### EXERCISE BRIEF
Copy word for word the lines in the records below, starting at the line with "Open Sachet, stir or sprinkle,enjoy" and ending at the line with "Lot 25 - 3.". Skip the pictures.

TASK INPUTS START

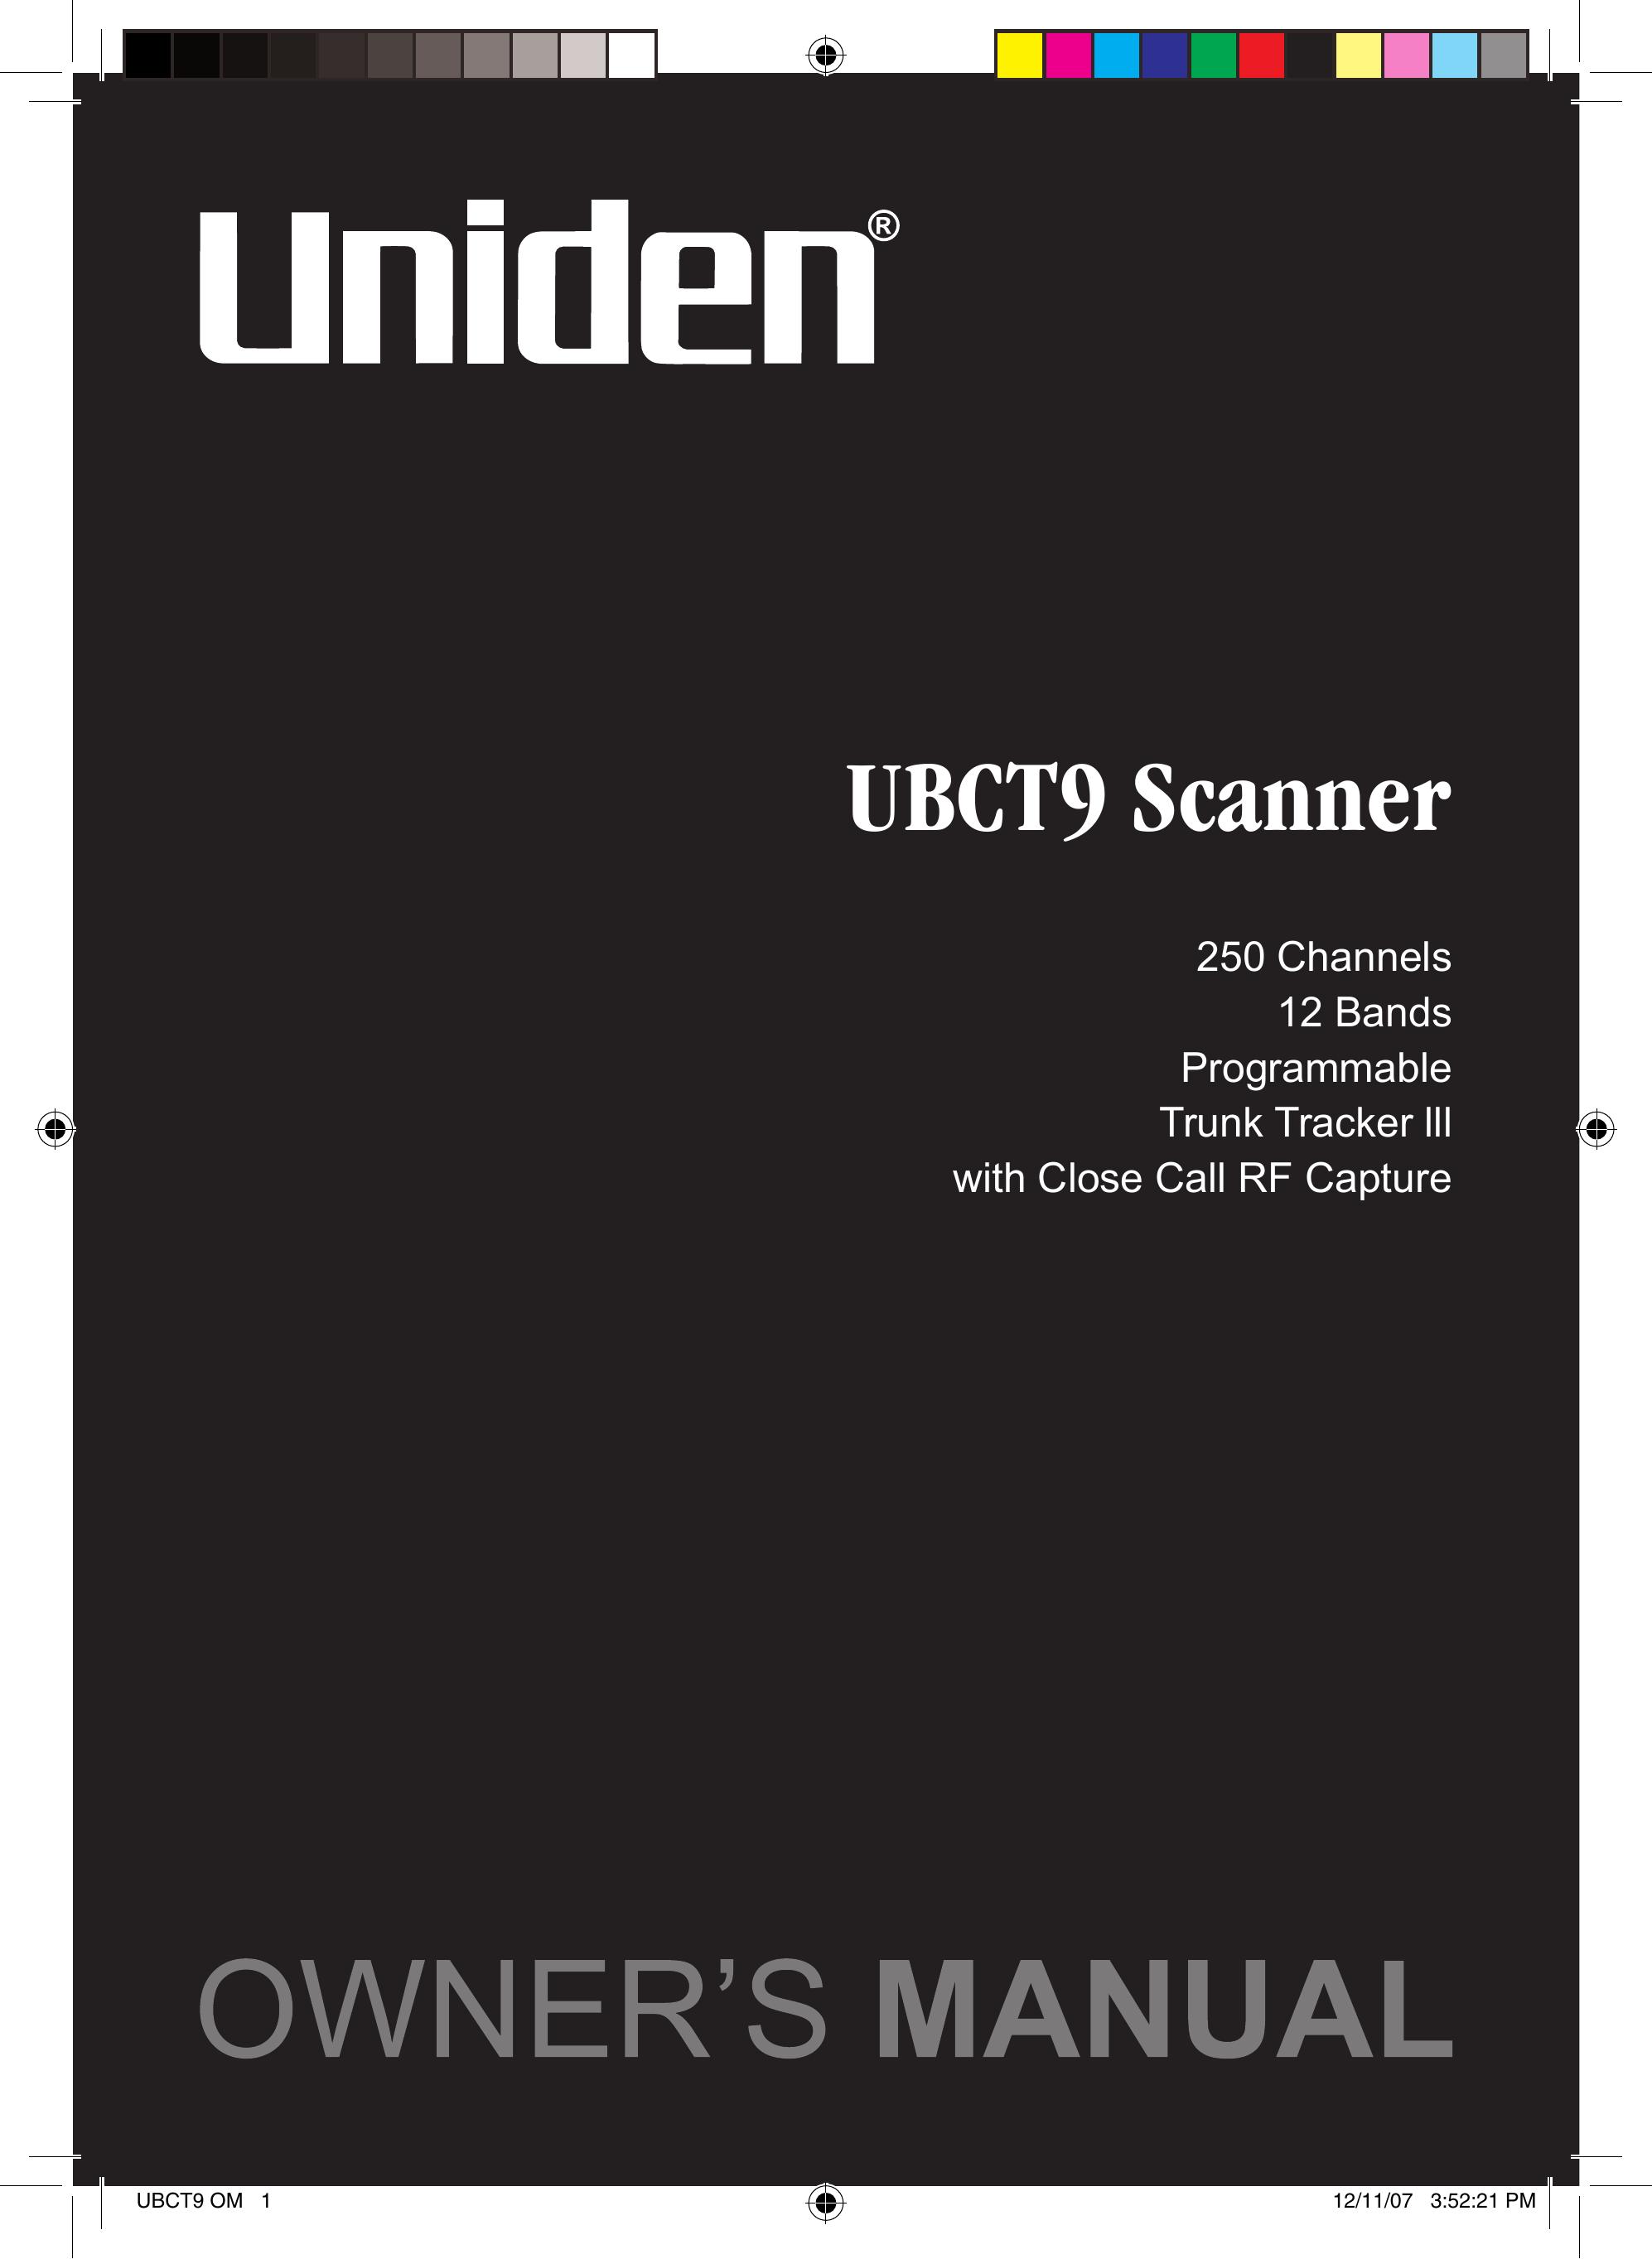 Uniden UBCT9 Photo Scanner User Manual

TASK INPUTS END
TASK INPUTS START

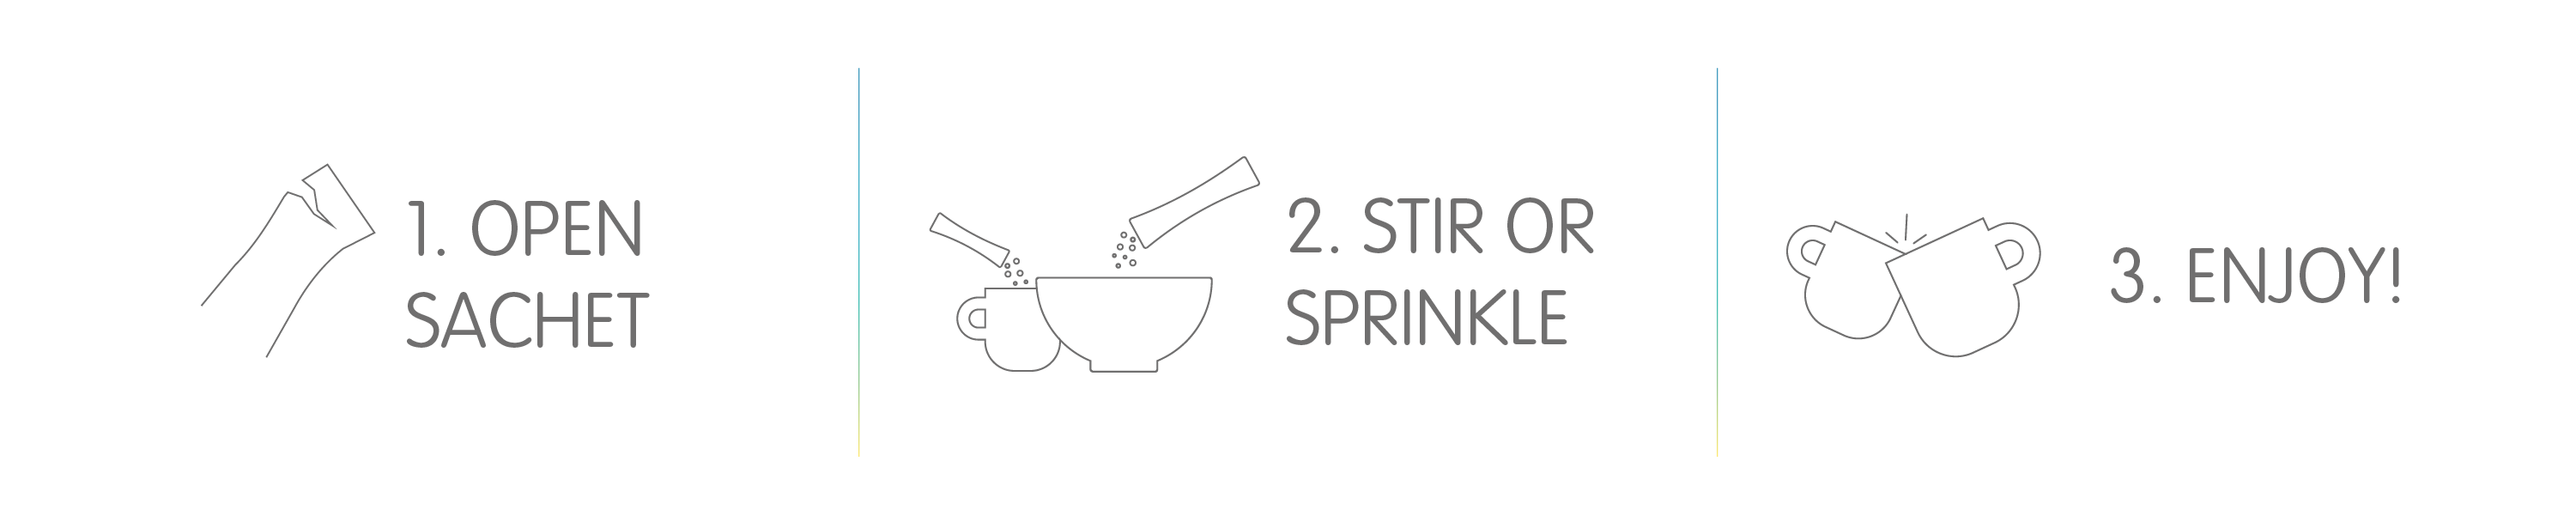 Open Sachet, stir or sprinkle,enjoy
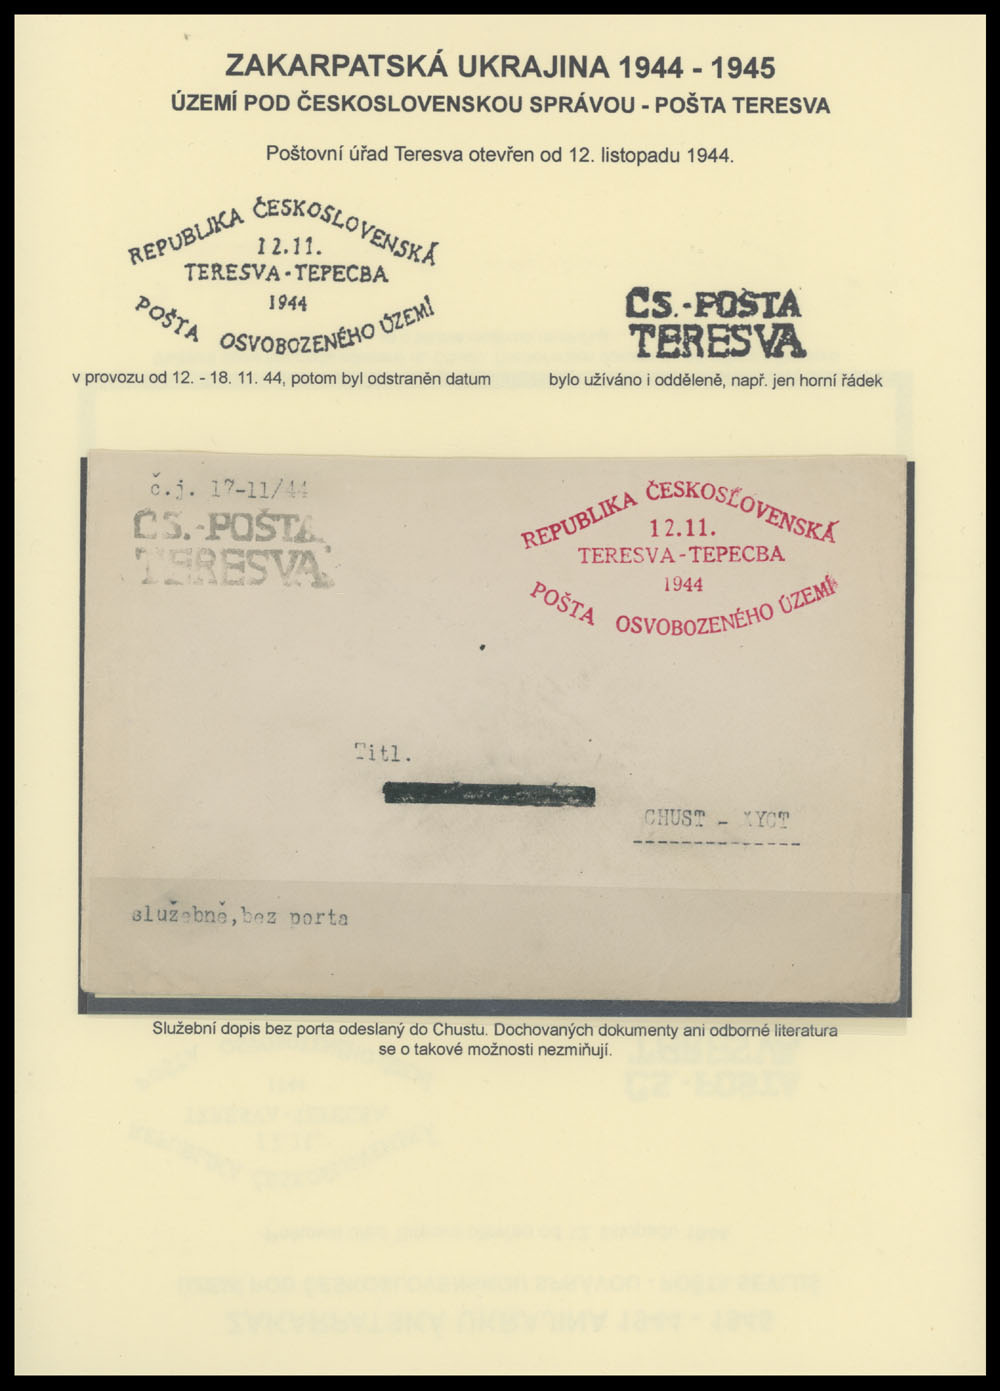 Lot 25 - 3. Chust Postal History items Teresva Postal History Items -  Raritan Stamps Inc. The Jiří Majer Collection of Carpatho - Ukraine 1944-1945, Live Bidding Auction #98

TASK INPUTS END

### TASK RESULT
 Open Sachet, stir or sprinkle,enjoy
 Lot 25 - 3. Chust Postal History items Teresva Postal History Items -  Raritan Stamps Inc. The Jiří Majer Collection of Carpatho - Ukraine 1944-1945, Live Bidding Auction #98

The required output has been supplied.